Here's how you can help STOP THE SPREAD of these pests:
- Leave firewood at home-do not transport it to campgrounds or parks.
- Only purchase firewood that has been harvested in New York State or treated for pests.
- Burn all firewood brought to the campsite.
See Frequently Asked Questions for more information on firewood regulation.
Grass Pond and Catamount
Paddlers can access Grass Pond and Fishhole Pond in the Plumadore-Inman Public Use Area using the waterway access sites. Be aware that small motorized boats are allowed on these waters also. The Grass Pond waterway access site is off County Route 26 (Loon Lake Road). A parking area has been designated and signed at this location.
The North Branch of the Saranac River in the Saranac River Public Use Area is for experienced paddlers only.
Grass Pond and Fishhole Pond in the Plumadore-Inman Public Use Area are open to small motorized boats only. Boats should be less than 14 feet in length and the motor should be 10 horsepower or less. The Grass Pond waterway access site is off County Route 26 (Loon Lake Road). A parking area has been designated and signed at this location.
Prevent the Introduction and Spread of Aquatic Invasive Species
- INSPECT your fishing and boating equipment and remove all mud, plants and other organisms that might be clinging to it.
- DRY your fishing and boating equipment before using it on another body of water.
- CLEAN your fishing and boating equipment if it cannot be dried before its use in another body of water.
More information on how you can avoid spreading aquatic invasive species.
North Branch of the Saranac River
Numerous high-quality ponds, lakes and streams, supporting diverse fisheries resources, can be found on the Public Use Areas. The public may access all streams, rivers, ponds and lakes on Public Use Areas for fishing using non-motorized methods unless specifically prohibited.
The North Branch of the Saranac River offers some good rainbow trout and brown trout fishing. A small, accessible fishing platform is located on the bank of the North Branch in the Saranac River Public Use Area and can be accessed from the Goldsmith Road.

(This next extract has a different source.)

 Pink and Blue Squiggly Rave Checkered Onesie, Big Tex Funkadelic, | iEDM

A parking area has been designated and signed.
Fishing and waterway access sites have been constructed on Grass Pond and Fishhole Pond in the Plumadore-Inman Public Use Area. Both of these waters contain brook trout. The Grass Pond waterway access site is off County Route 26 (Loon Lake Road). A parking area has been designated and signed at this location.

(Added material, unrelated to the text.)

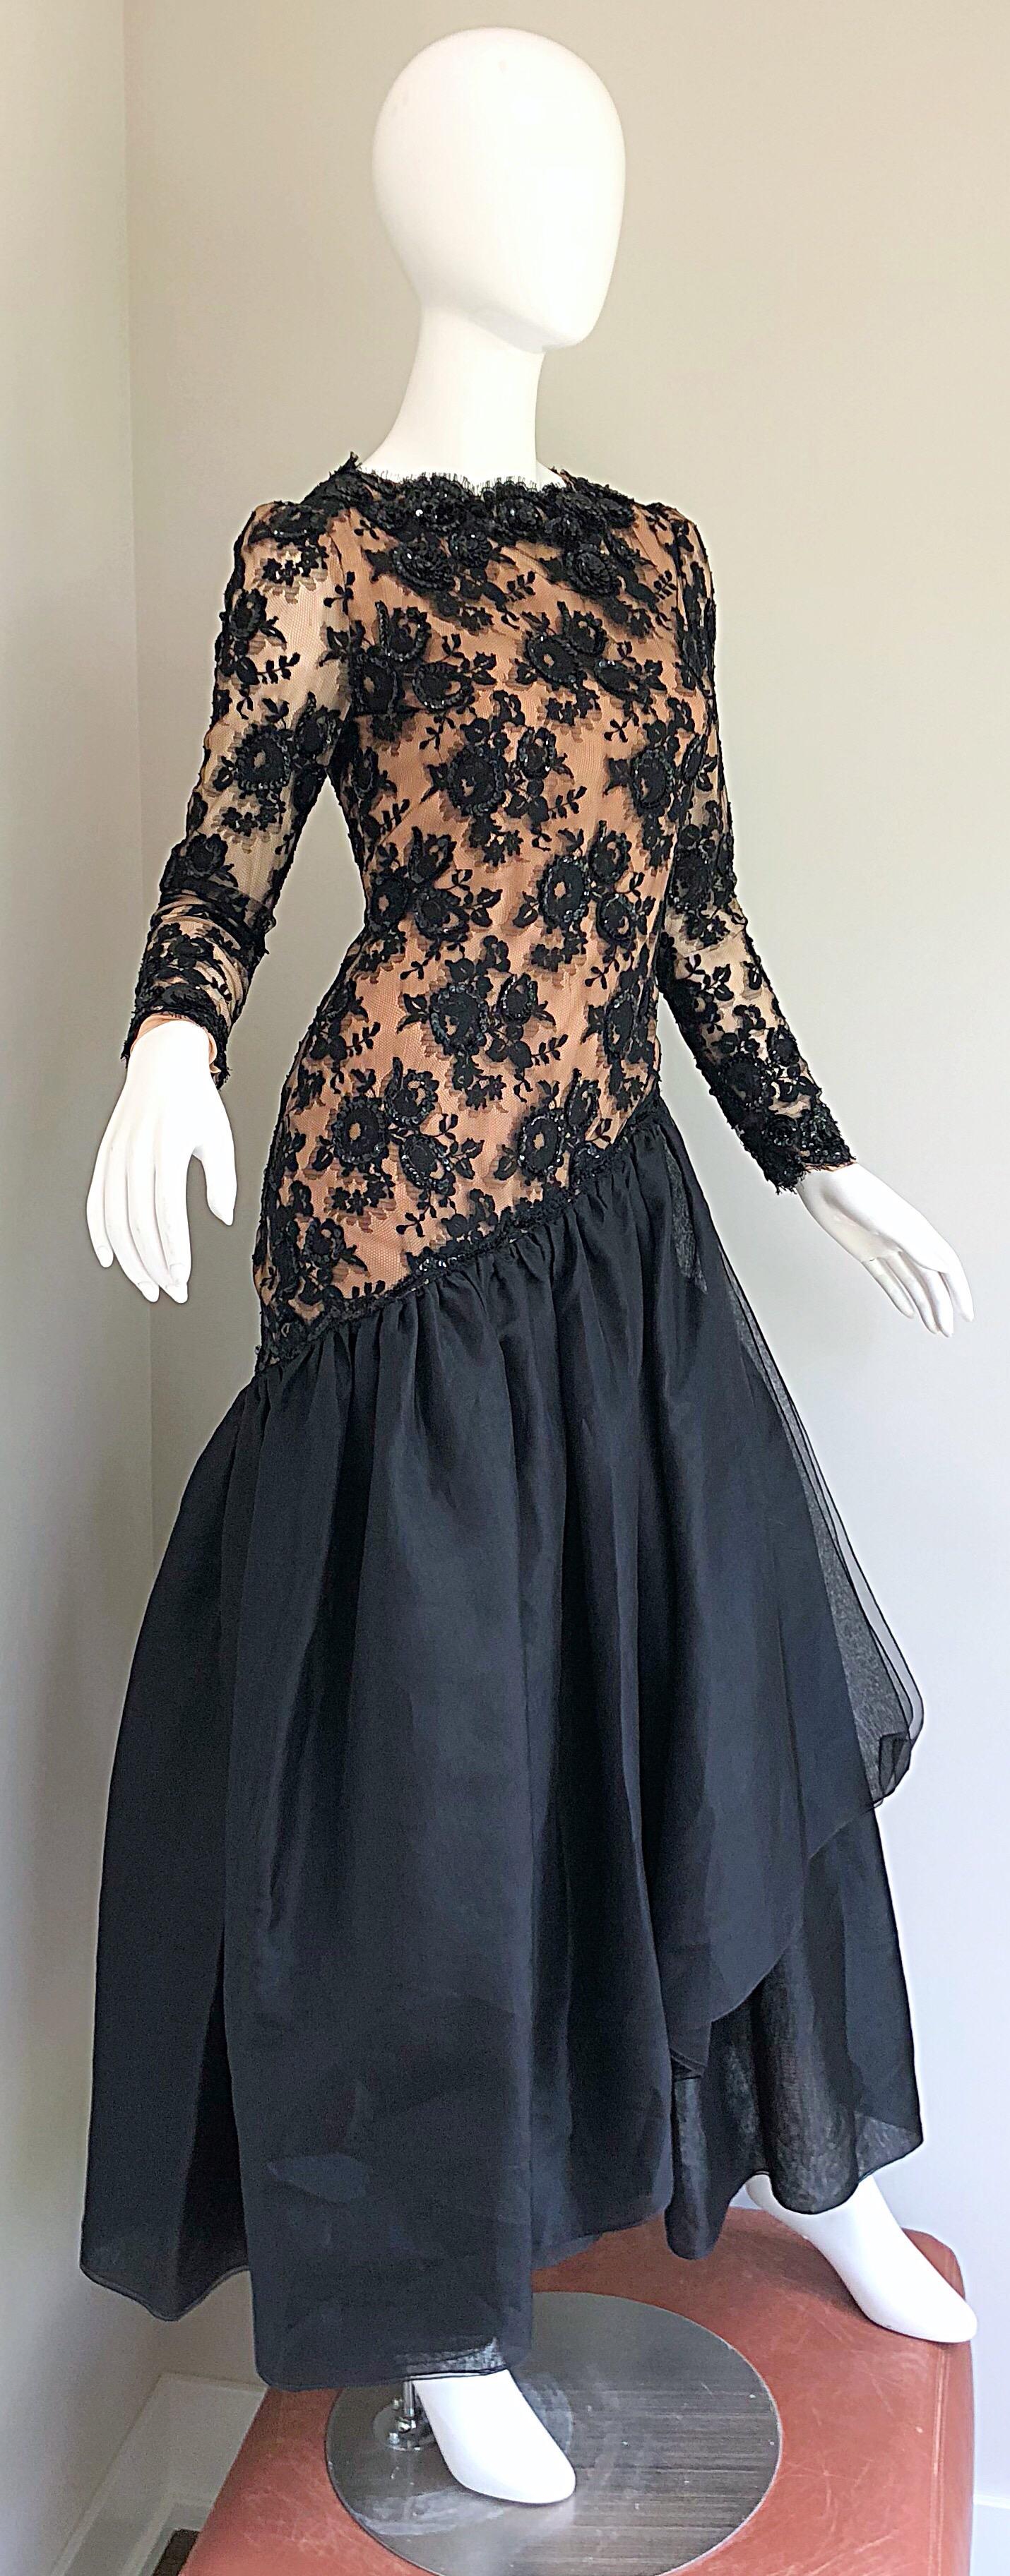 Women's Vintage Bill Blass Black Nude 90s Size 6 / 8 Sequined Chiffon Evening Gown Dress For Sale

Also, a small, accessible fishing platform is located along the North Branch of the Saranac River in the Saranac River Public Use Area. A parking area with an ADA compliant hardened surface has been constructed along Goldsmith Road. People holding a MAPPWD may use an ATV on the trail from the parking lot to one of the nine accessible campsites. The fishing platform is adjacent to the campsite. The campsite and the access to the fishing platform have ADA compliant surfaces. The general public may use the fishing platform, accessing by foot or mountain bike.
Anglers should check the current fresh water fishing regulations for and know the statewide regulation and the regulations pertaining to specific waters.
Hunting & Trapping
The diverse habitat supports a wide variety of big and small game wildlife species. All public use areas are open to public hunting and trapping during the legal hunting and trapping seasons, except where specifically prohibited by posted notice. Parking areas have been designated and signed along County Route 26 (Loon Lake Road) and the Goldsmith Road.

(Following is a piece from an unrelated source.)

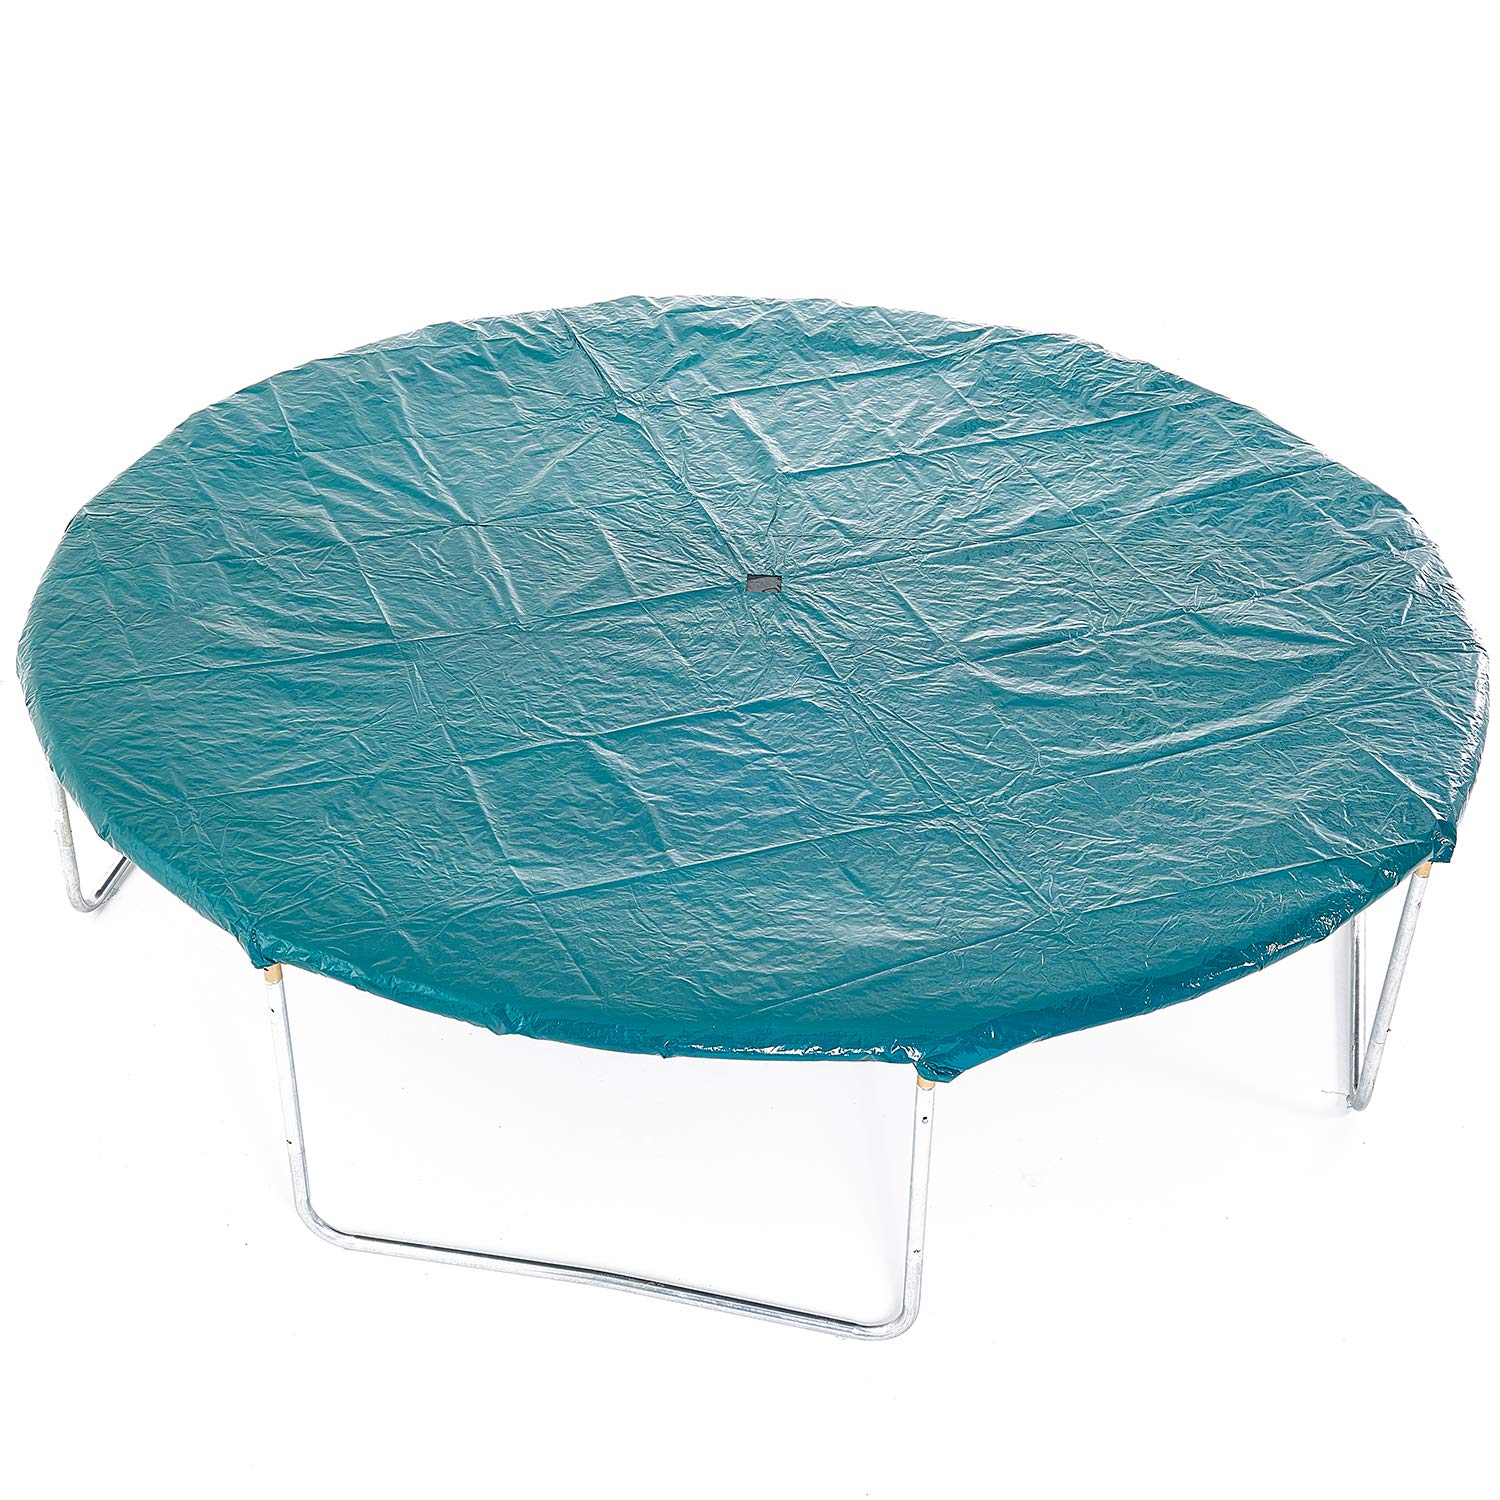 Skyhigh 8ft 10ft 12ft 14ft Trampoline Cover Weather and Rain Protection. Secure even in High Winds

Hunting and trapping is allowed on all forest preserve lands. All hunters and trappers much comply with all applicable State laws and regulation.
Numerous logging roads provide ample opportunities for mountain bicycling. Mountain bike use is allowed on any road or trail in a public use area and on Linear Recreation Corridors open to the public except those that are specifically posted closed for mountain bike use. CAUTION: Logging may be occurring on the property and timber harvesting equipment may be utilizing these roads and trails.
Numerous roads and skid trails on the property lend themselves well to equestrian use. Horse-back riding is allowed on any road or trail in a public use area or linear recreation corridor open to the public except those that are specifically posted as closed to equestrian use. No horse assembly areas have been developed at this time.
Skiing & Snowshoeing
People may ski or snowshoe on unplowed roads in Public Use Areas and on Linear Recreation Corridors that are not open to public motorized use and that can be safely accessed from public roads. Skier and snowshoers are discouraged from using groomed snowmobile trails.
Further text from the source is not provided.